Torrential rain across Australia’s east could stifle all remaining bushfires in the nation’s most populated state by the end of the week, authorities stated on Tuesday, raising hopes a deadly nationwide crisis is almost over.
Australia has been battling hundreds of fires since September in an unusually extended summer wildfire season that was kindled by three years of drought, which experts have associated with climate change.
Storms and heavy rains have, in recent days, swept throughout New South Wales (NSW) state, which bore the brunt of a crisis that overwhelmed several states and territories at its top.
The downpour has already drenched two of the biggest and longest-running fires, and NSW delegates are hoping that more rain forecast for this week will stifle the remaining 24 fires, four of which are burning uncontrolled.

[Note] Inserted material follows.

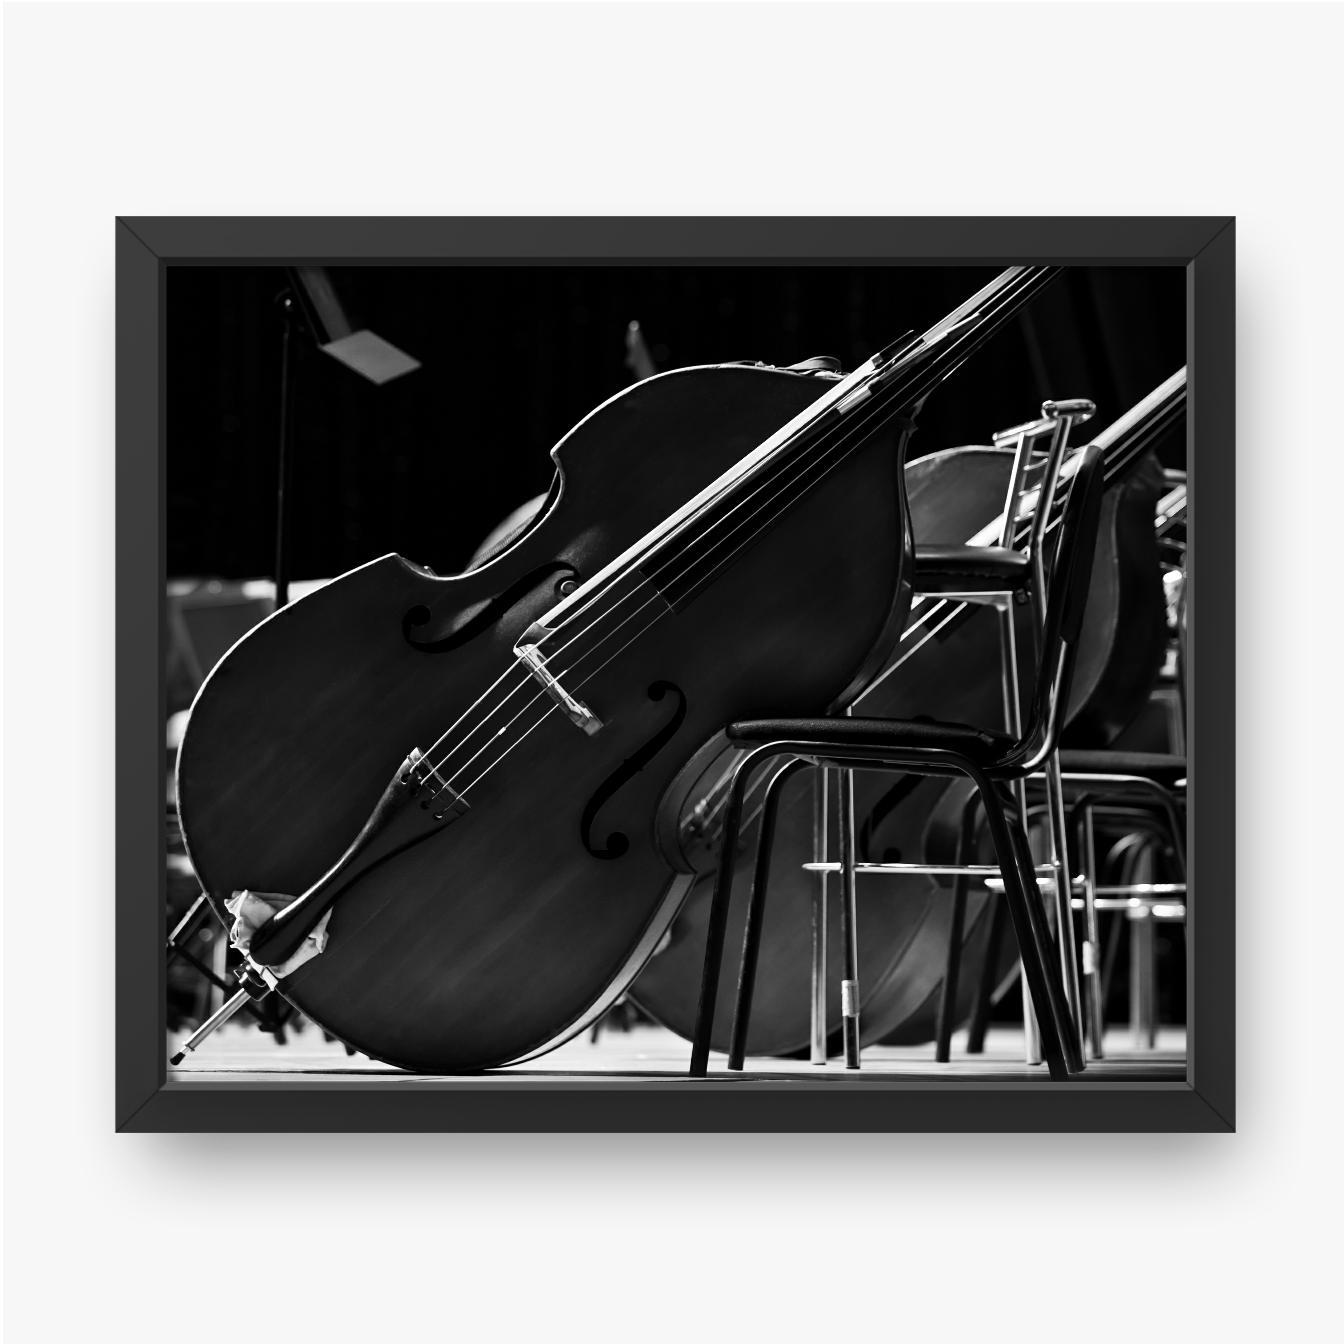 Kontrabass auf der Bühne hautnah

Today’s scenario is a far cry from the height of the disaster in early January when NSW firefighters had been battling virtually 150 fires that began a firefront about 6,000 kilometers long.
Blazes throughout the nation have destroyed nearly 12 million hectares (29.7 million acres) of tinder-dry bushland, killing 33 individuals and an estimated 1 billion native animals, since September.
The fires destroyed thousands of houses and prompted mass evacuations of locals as well as tourists under apocalyptic-like red skies throughout Australia’s peak summer vacation period.
Hawkesbury City Mayor Barry Calvert stated the drenching of the massive Gospers Mountain fire this week was a huge help.
The welcome rainfall has come as something of an early shock. The Bureau of Meteorology in January stated rains adequate to eliminate the fires were unlikely until at least March.